Pretty much every job I’ve worked on has involved large, single run data jobs in one for or another, be they regularly run over night batch jobs, data migrations to support application code deployments (try to avoid this - read this brilliant article) or jobs to clean up mistakes in the customer data, and, almost without exception, they’ve been a source of misery.
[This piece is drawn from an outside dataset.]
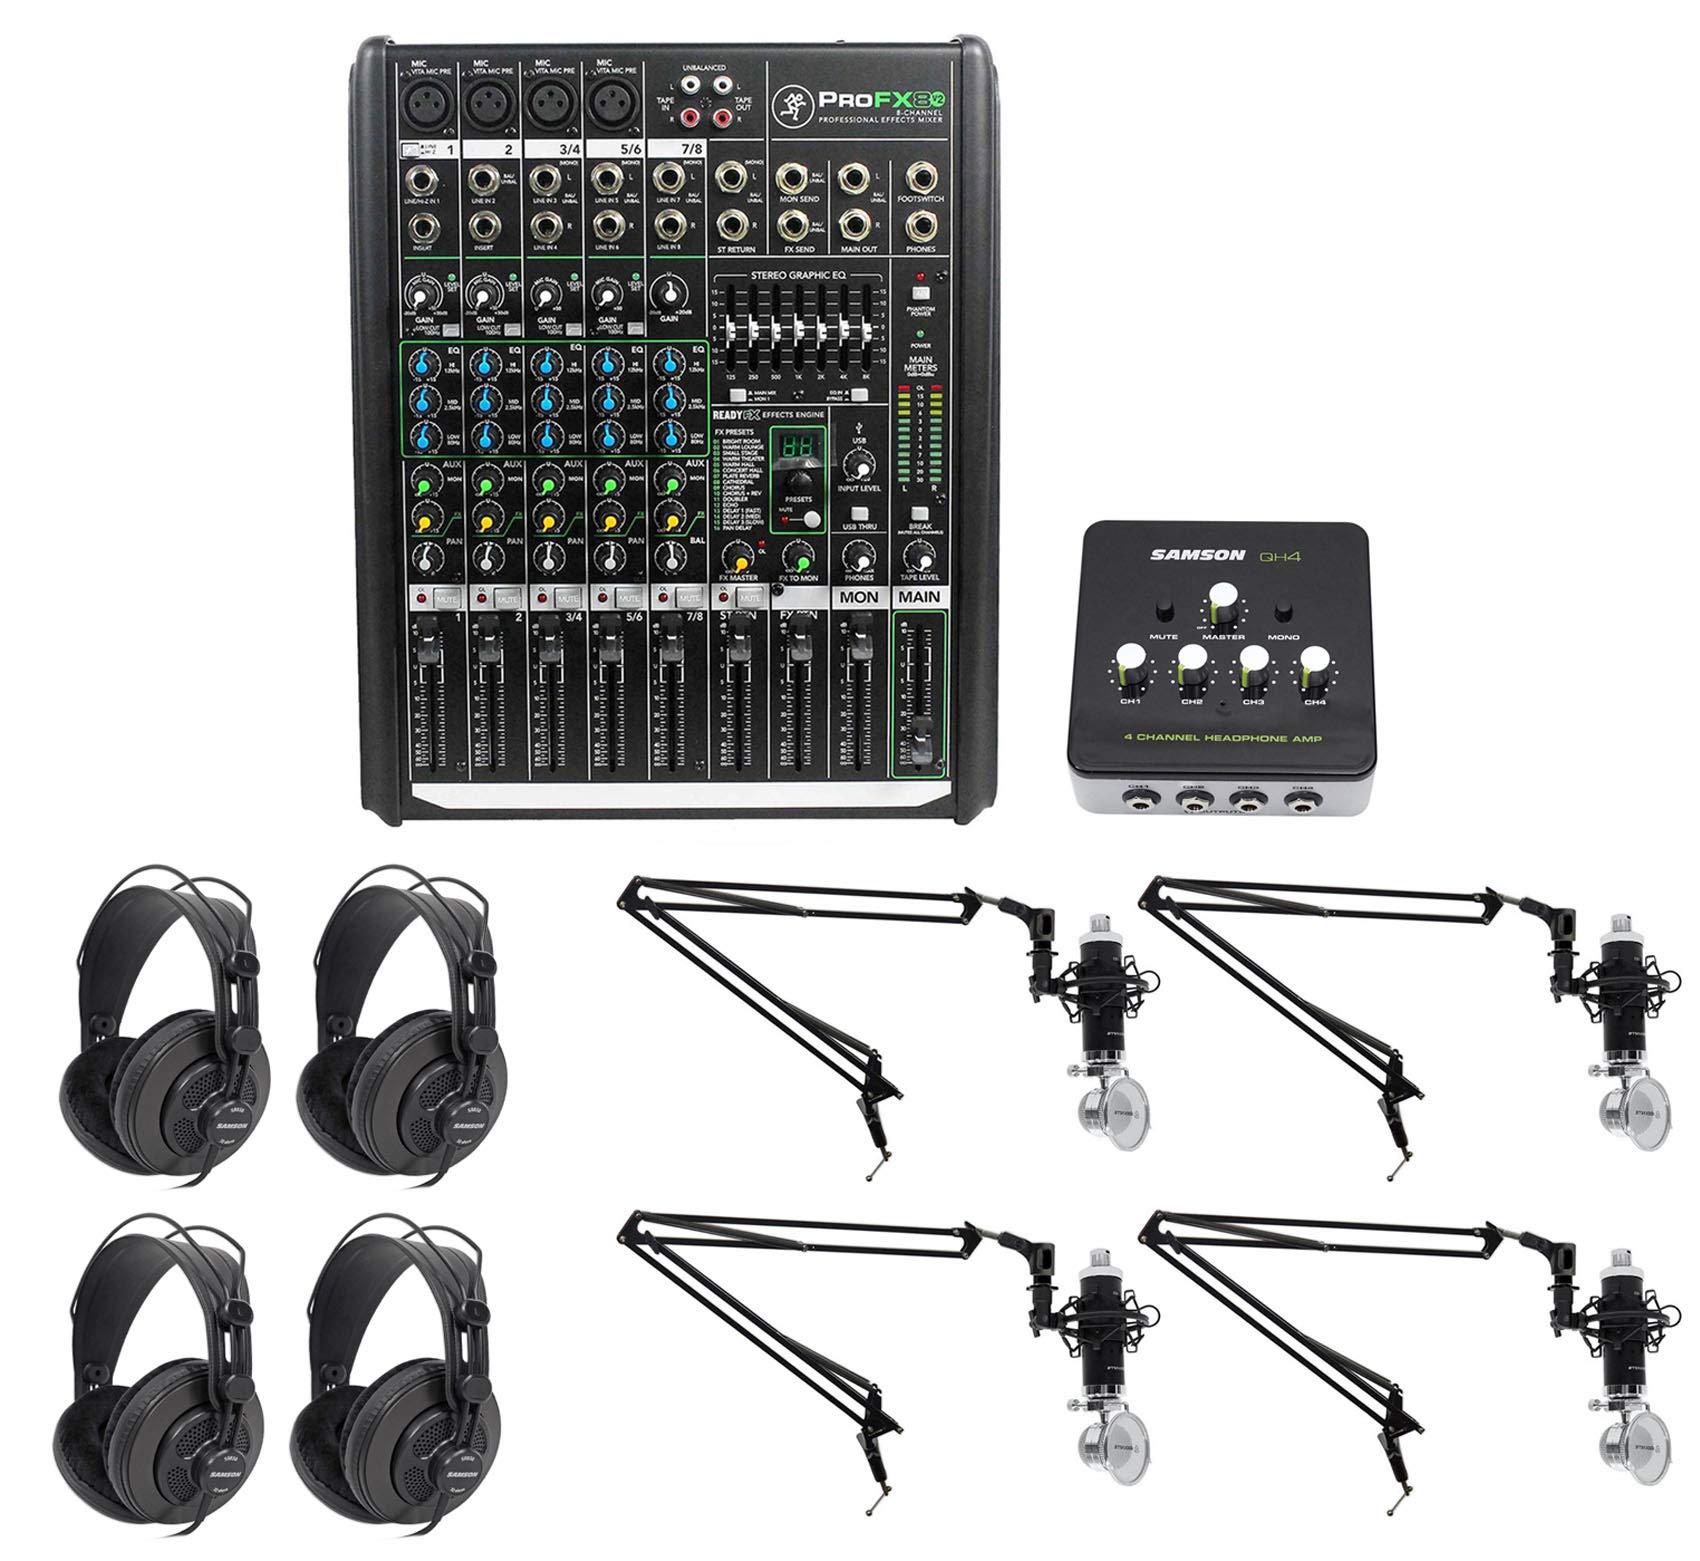 Podcast Studio Bundle w/Mackie 8-Ch Mixer+4) Mics+4) Samson Headphones+4) Booms
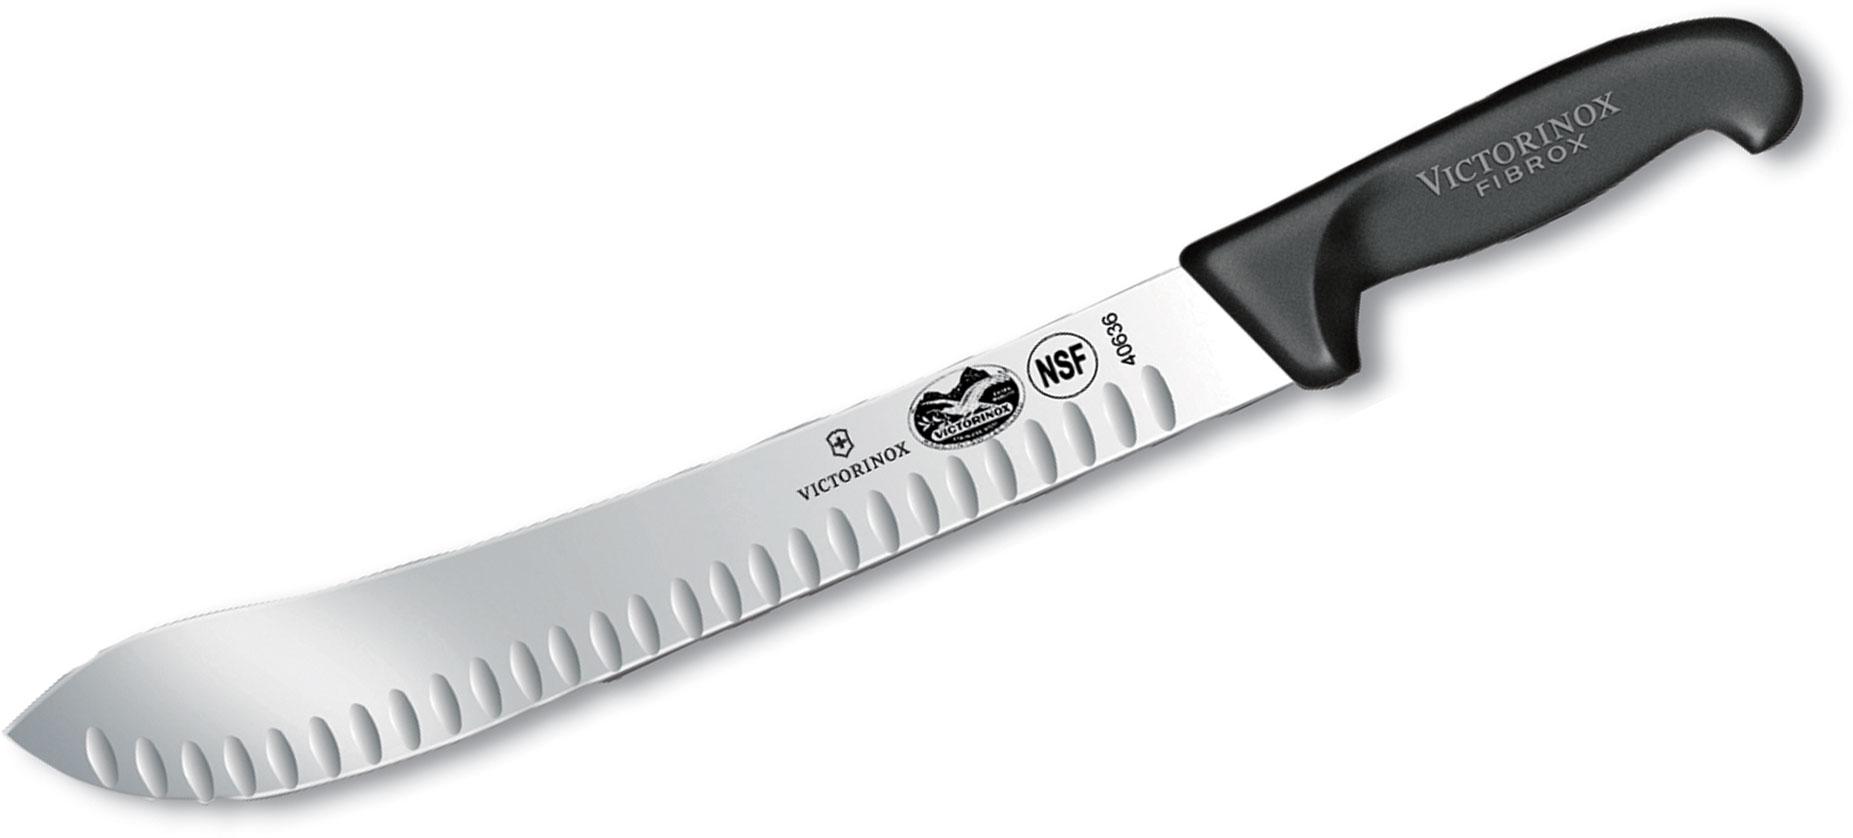 Victorinox Forschner Fibrox 12 inch Granton Edge Butcher Knife, Black TPE Handle

Data jobs often don’t seem to get the attention and love that regular code does which is a great shame. They’re scary, they’re often dangerous, and they scare the pants off those ops people who often end up running them. I could tell a lot of tales here about the horror shows I’ve seen but they all boil down to a few scenarios so I present… A Crap Acronym

I believe that all data jobs should FIRST

(F)eedback

There’s nothing worse than kicking off a job and getting…. nothing. A blinking cursor, for an hour, whilst you panic and end up stracing the damned process in another window to make sure it’s not died. Jobs should

  • Tell you wht they are going to do (“Updating 100,000,000 rows”)
  • Report in when they start doing something (“Starting batch 1,000,000”)
  • Tell you when they’ve done that thing (“file6 finished”)

(I)terative

Don’t try and do everything in one massive chunk. Structure your job so that it is working on reasonably sized sets of data at one time, completing them and then moving on. This makes feedback easier (indeed possible) and leads nicely too…

(R)erunable

Processes are killed and get killed. By working from chunks your job can be canned between them and if you’ve set it up so it can be started again without fuss, so much the better. Ideally you don’t want to have to redo everything again but just pick up where you left off.

(S)toppable

Sometimes you have to can a job part way through, for example, this job was thought to be ok to run during the working day but after it got started your customers started getting terrible response times and now you’ve just got to sit it out. There’s nothing worse than being beholden to a process you can’t interrupt because it’ll leave your system in an untenable state.

(T)imed

Feedback is great, but it’s not important if it’s telling you you are 9% of the way through a job which is going to take 47 hours. Having an idea of how long a batch job is going to run is essential but often missed. It can be difficult to get an idea of how long things will take because developers often don’t have access to production but simple techniques like EXPLAIN and getting counts of rows should allow you to avoid monstrous mistakes.